**What needs to be done**
Begin at the line containing "9. English Language Programs.png" in the data below and go on through the line containing "Các ĐBQH đơn", repeating each line exactly; include both ends and no other line.

**Task input**
▶

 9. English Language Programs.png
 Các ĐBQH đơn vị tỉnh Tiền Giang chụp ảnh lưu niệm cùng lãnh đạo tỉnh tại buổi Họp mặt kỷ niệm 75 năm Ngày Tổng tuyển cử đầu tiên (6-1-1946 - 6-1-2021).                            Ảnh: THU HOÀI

◀
▶

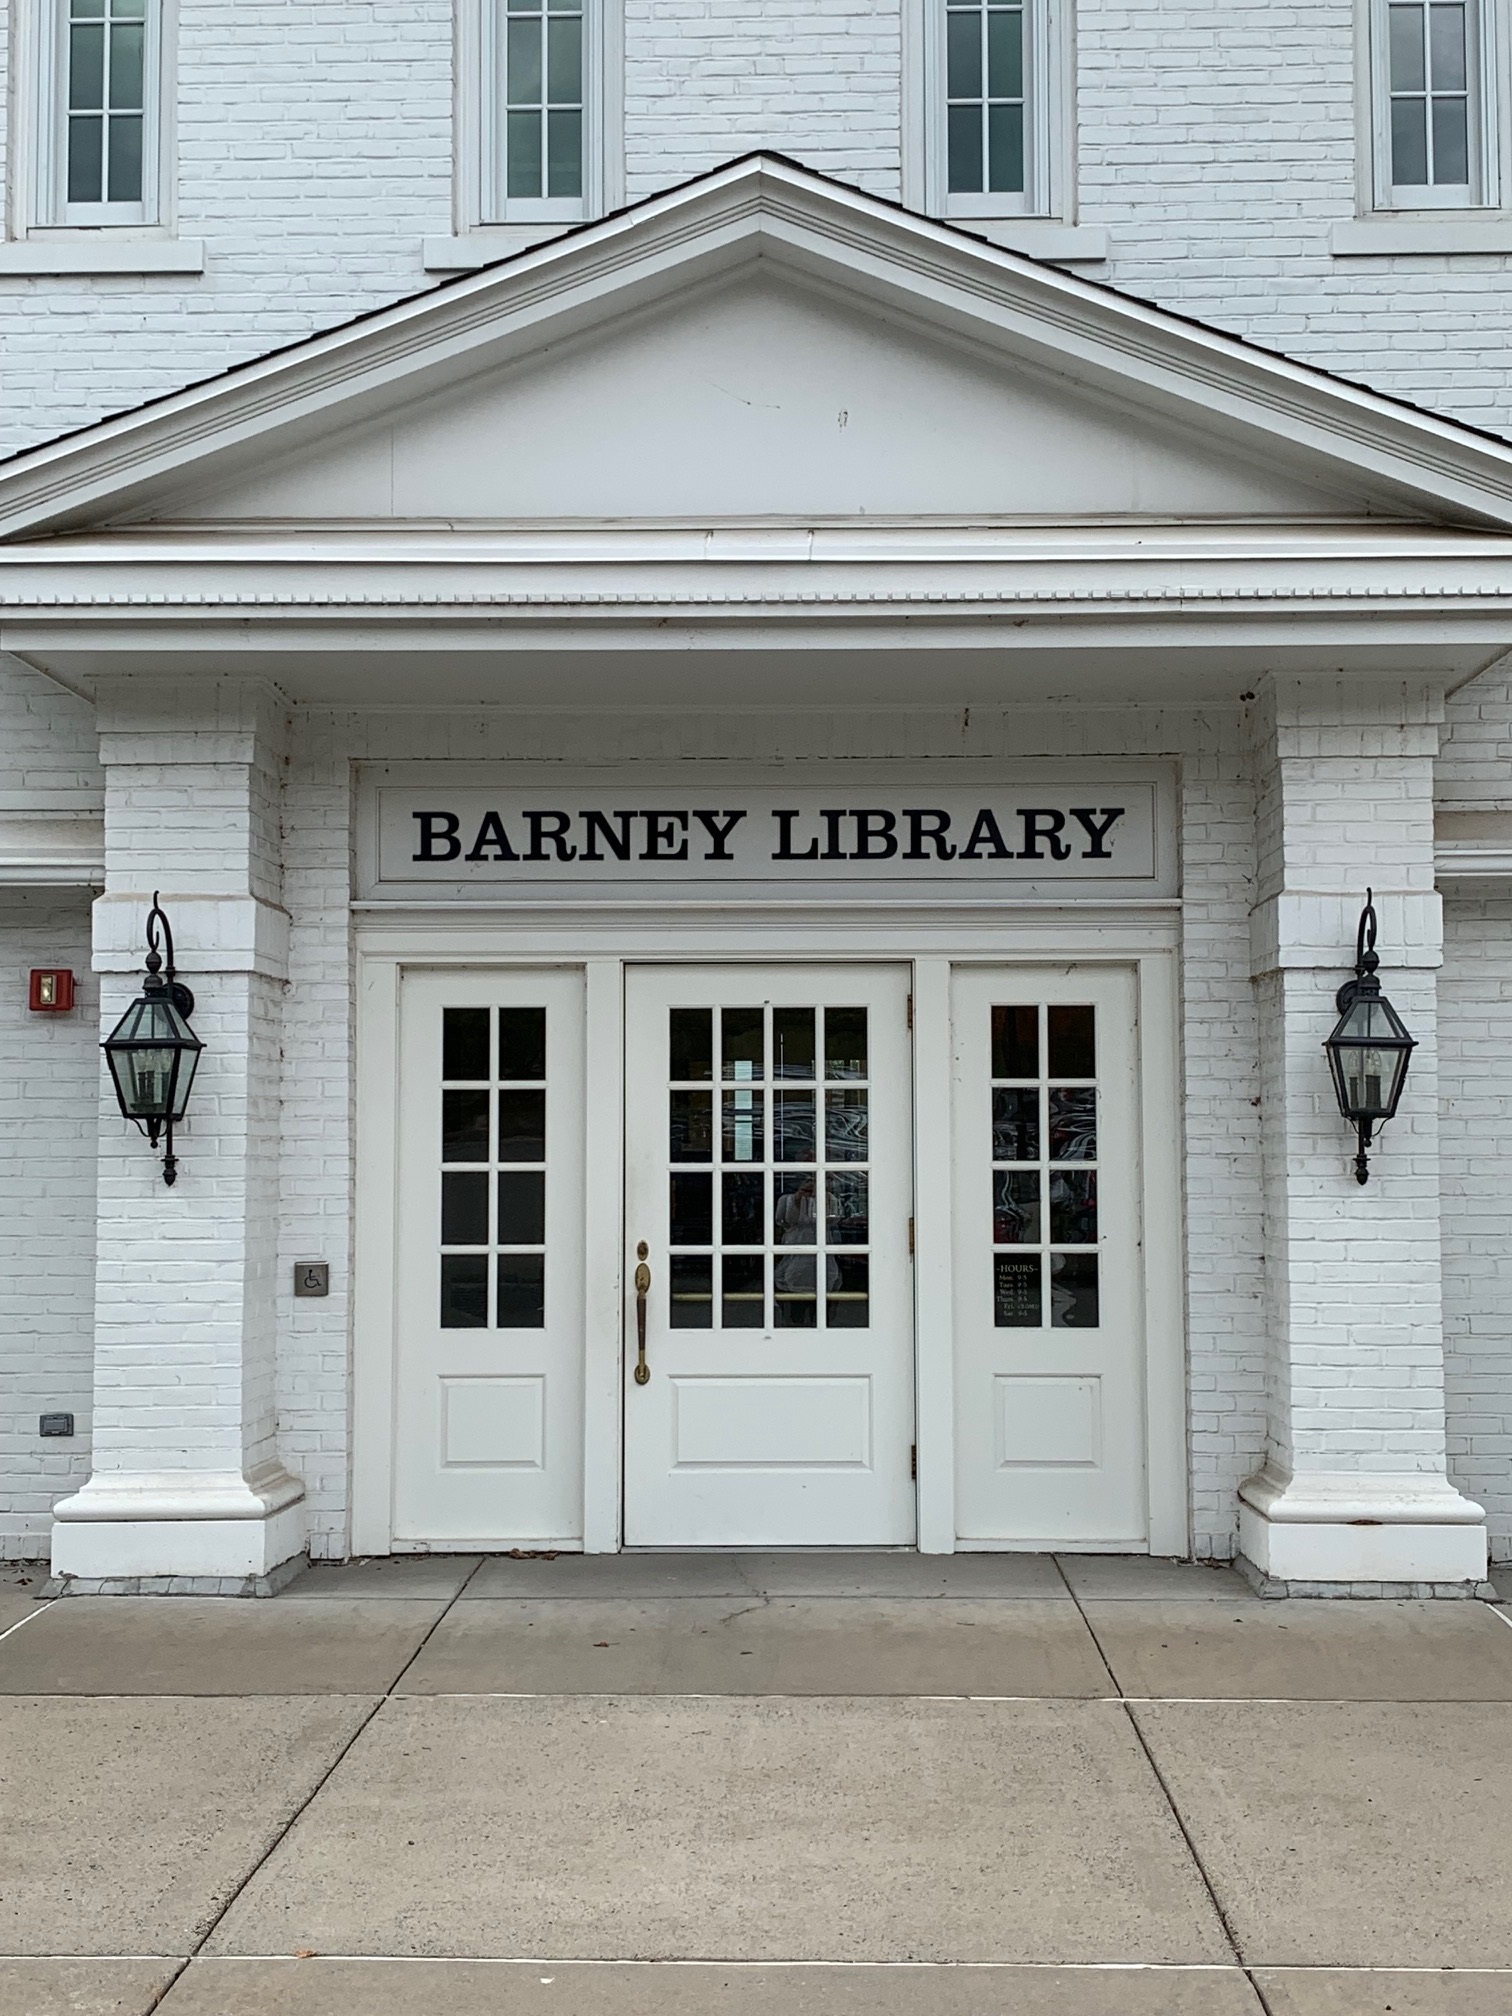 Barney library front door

◀

**Result below**
 9. English Language Programs.png
 Các ĐBQH đơn vị tỉnh Tiền Giang chụp ảnh lưu niệm cùng lãnh đạo tỉnh tại buổi Họp mặt kỷ niệm 75 năm Ngày Tổng tuyển cử đầu tiên (6-1-1946 - 6-1-2021).                            Ảnh: THU HOÀI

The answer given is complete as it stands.